One cannot engage himself  like the Church, in matters of justice and peace and dignity of persons without getting involved in self-determination, in the dignity of people’s sovereignty. Freedom is God’s gift to you. He creates and allows you to make your decisions. To do your thing. When there is that sense of human worth, when it is difficult to allow any man trample on your personal rights, you can’t live under a yoke. You will fight for your people. 

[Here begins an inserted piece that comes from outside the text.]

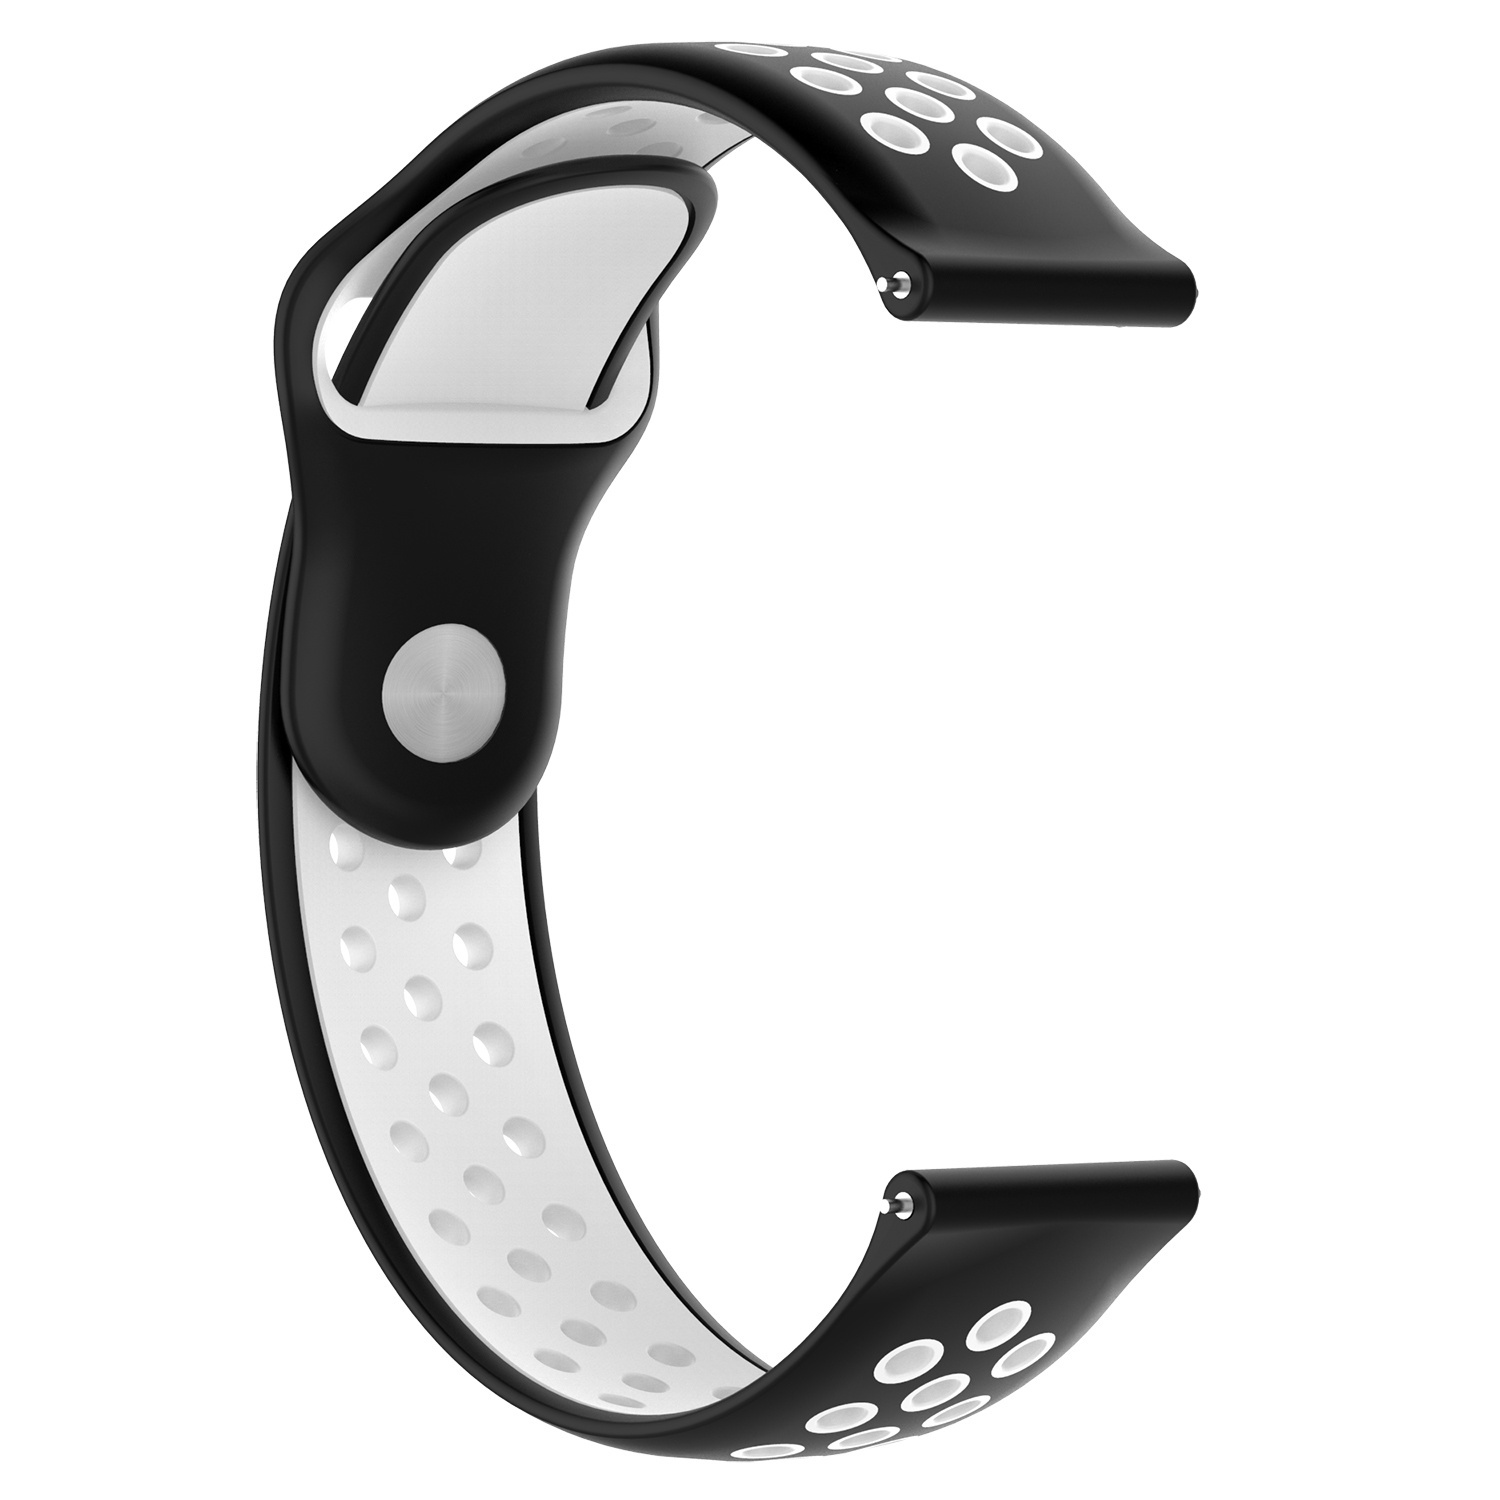 Cinturino doppio sport per Samsung Galaxy Watch - nero bianco

At some period, liberation theology was treated with contempt by high profiled theologians. From  a parochial and purblind viewing, they saw Karl Max’s agenda in the work of South American theologians. Guiterrez and Boff particularly went through this screwing. Their detractors didn’t see the good battle these Latin American luminaries were doing with structures of poverty and unbridled capitalism. Theology of the tyrannized, theology of the downtrodden, theology of self-determination – whichever one you wish - calls for the men and women of faith to not only empathize or mind about the poor. It calls on them to cry for a 90 year old mother whose forehead is recently pierced by the bullet of a Cameroon military soldier-of-a-bastard, for nothing. It calls on them to engage spiritual communities onto moral values, onto improving the social standards of the marginalized and oppressed. It underscores the urgency of human dignity. The current Cameroon’s calamity, I believe, is largely a calamity of spirituality and morals. A society where unruly deportment from individuals and State goes scot free without penalty - the breeding of impunity.
Come to think of it, someone has even dared to pose as teacher to me on how I am supposed to comport on issues concerning the liberation of my people and the restoration of their stolen dignity. To teach me what I should know about this, is to teach the Pope Catholicism. It is impossible.
Fantastically fight, fight to restore your independence. Fight wherever you reside – homeland or Diaspora, keep the fight on. The only Kilimanjaro we are to climb is the determination to victory to independence even when depravity stares at us in the face. This is current and alive as I speak and with a sense of our history on board, we are ready to go any mile to see this through in the teeth of any adversity. This we do because we keenly feel we have matured enough to be vessels of our own Statehood, our own destinies, our own Country.


By Fr Gerald Jumbam


[1] Psalm 19: 4; The New Living Translation.